Все исследователи, касающиеся сочинений Гнедича этого времени, в частности, «Дона Коррадо», говорят о соединении в нем «шиллеризма» и «готики». Р.Ю. Данилевский осторожно сближает этот роман с «Разбойниками» Шиллера. «Сюжет несколько напоминает действие «Разбойников» — два брата, мучения отца, пророческие сны злодея» 17.
Сохранилось интереснейшее замечание Михаила Дмитриева, младшего современника Гнедича (он родился в 1796 г.), заставшего еще расцвет «готической волны»: «Гнедич, в начале своего литературного поприща, написал роман, ныне мало известный, под заглавием: «Дон Коррадо де Геррера, или Дух мщения и варварства Гишпанцев, российское сочинение», 2 части. Москва. В тип. Бекетова, 1803. <…> Он написал в роде тех ужасных романов, которые были тогда в моде, но не в подражание г-жи Радклиф, а более в роде романов немецких» 18. К этому воспоминанию мы еще вернемся; сейчас заметим только, что по существу в нем речь идет о том же, отмеченном исследователями, соединении элементов «немецкого» и «английского» романов.
Пути и формы такого соединения составляют особую литературную проблему. Решая ее, следует прежде всего уяснить, чем именно Гнедич как автор «Дона Коррадо» был обязан немецкой традиции и в первую очередь Шиллеру.
Отмечавшаяся в литературе сюжетная близость романа к «Разбойникам» несомненна — но нам она представляется не просто воздействием, а совершенно сознательной интерпретацией мотивов шиллеровской драмы.
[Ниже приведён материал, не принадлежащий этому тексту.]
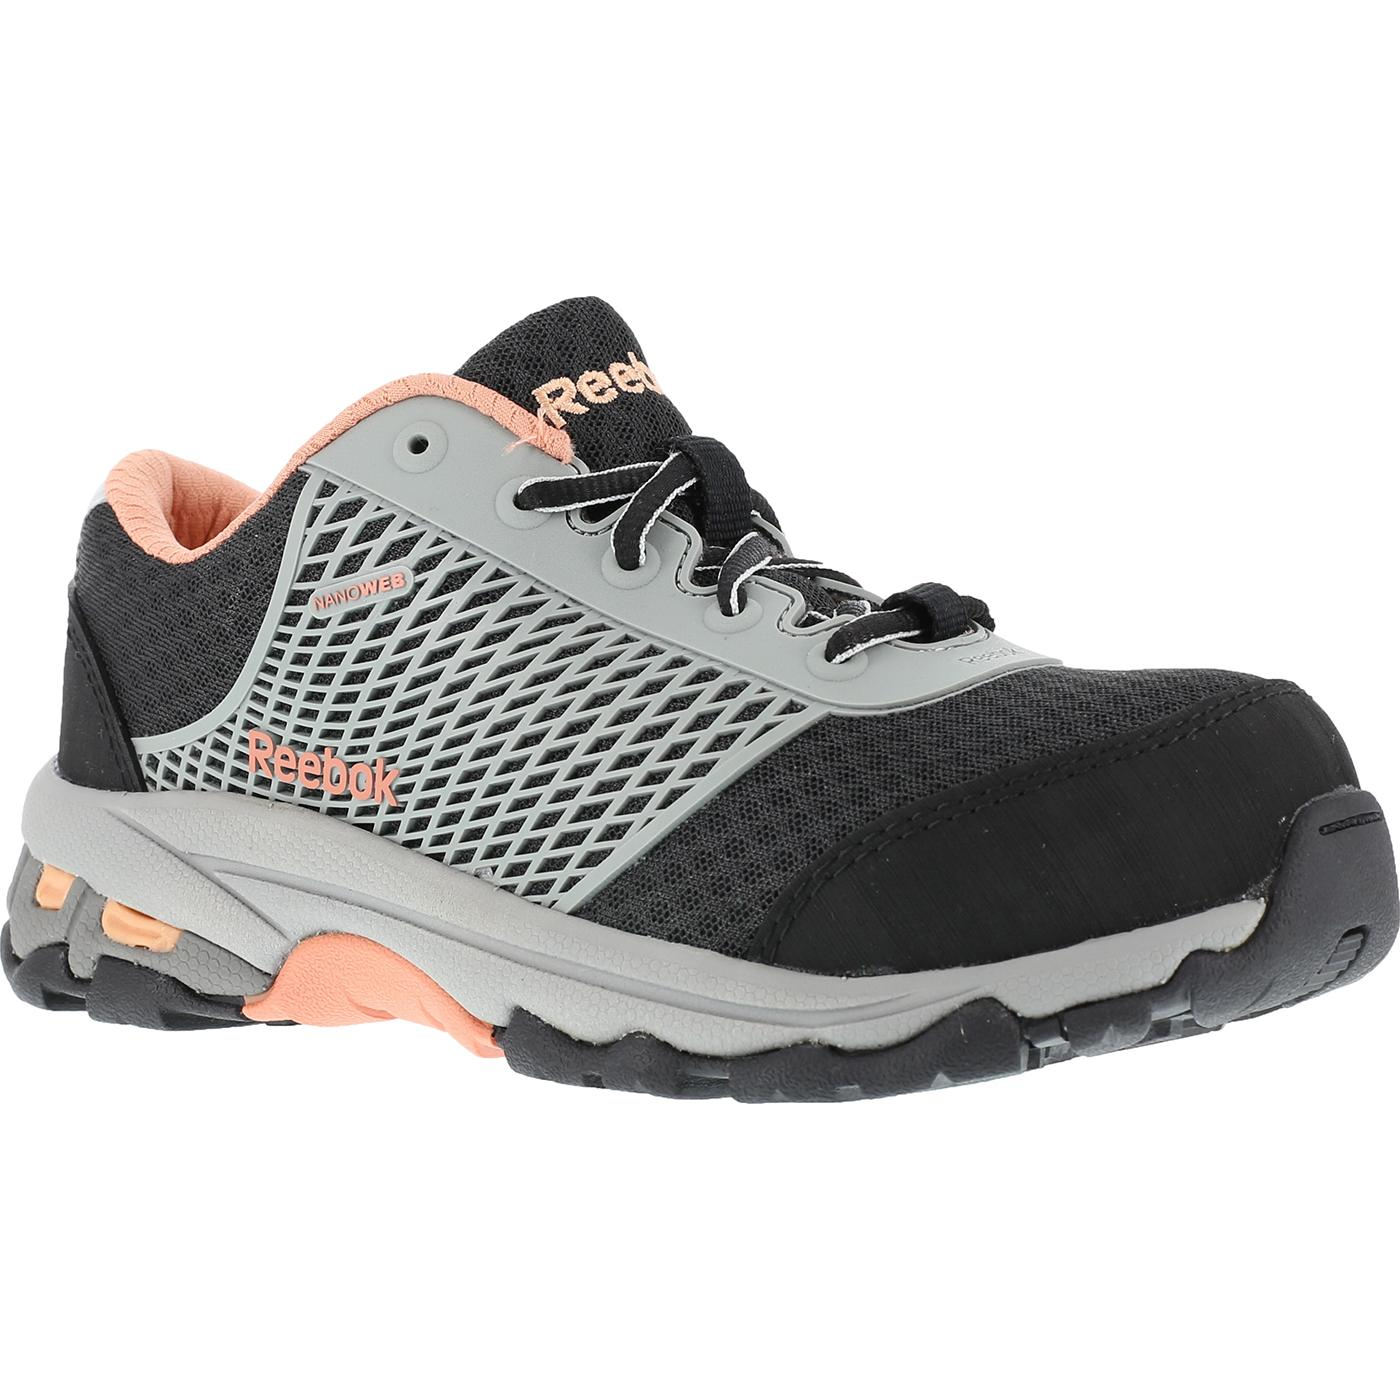 Reebok Heckler Women s Composite Toe Work Athletic ShoeReebok Heckler Women s  Composite Toe Work Athletic Shoe a290c2f92

«Тот, кто задался целью ниспровергнуть порок и отомстить врагам религии, нравственности и гражданских законов, — писал Шиллер в предисловии к драме, — тот должен изобразить порок во всей его отвратительной наготе и поставить его перед взором человечества во всю его громадную величину» 19. Анатомию грандиозного порока, чья «противоестественность» «возмущает душу», автор «Разбойников» стремился дать в характере Франца Моора.
Именно такую задачу ставил перед собой молодой Гнедич — задачу, в сущности, дидактическую: изобразить тип величайшего преступника против человечества. Общественный смысл этого образа очевиден, особенно в сопоставлении с написанным через несколько лет стихотворением Гнедича «Перуанец к испанцу»: Коррадо — угнетатель, действующий — хотя и лицемерно и своекорыстно — от имени и во имя инквизиции, против «бунтовщиков». В романе звучит явственная антиклерикальная нота. Отсюда и экстремальность его злодеяний; все повествование от главы к главе гиперболизирует изображаемые ужасы: начав с описания долины, усеянной трупами, на которую с удовольствием смотрит «чудовище», «ужас естества» 20, Гнедич далее вводит сцены убийства детей на глазах родителей, обольщения и похищения девушек, ограблений и, наконец, убийства кровных; вся эта цепь злодейств закономерно венчается обращением Коррадо к «аду» и «дьяволам». Кульминационные же сцены романа прямо выдают его литературный ориентир.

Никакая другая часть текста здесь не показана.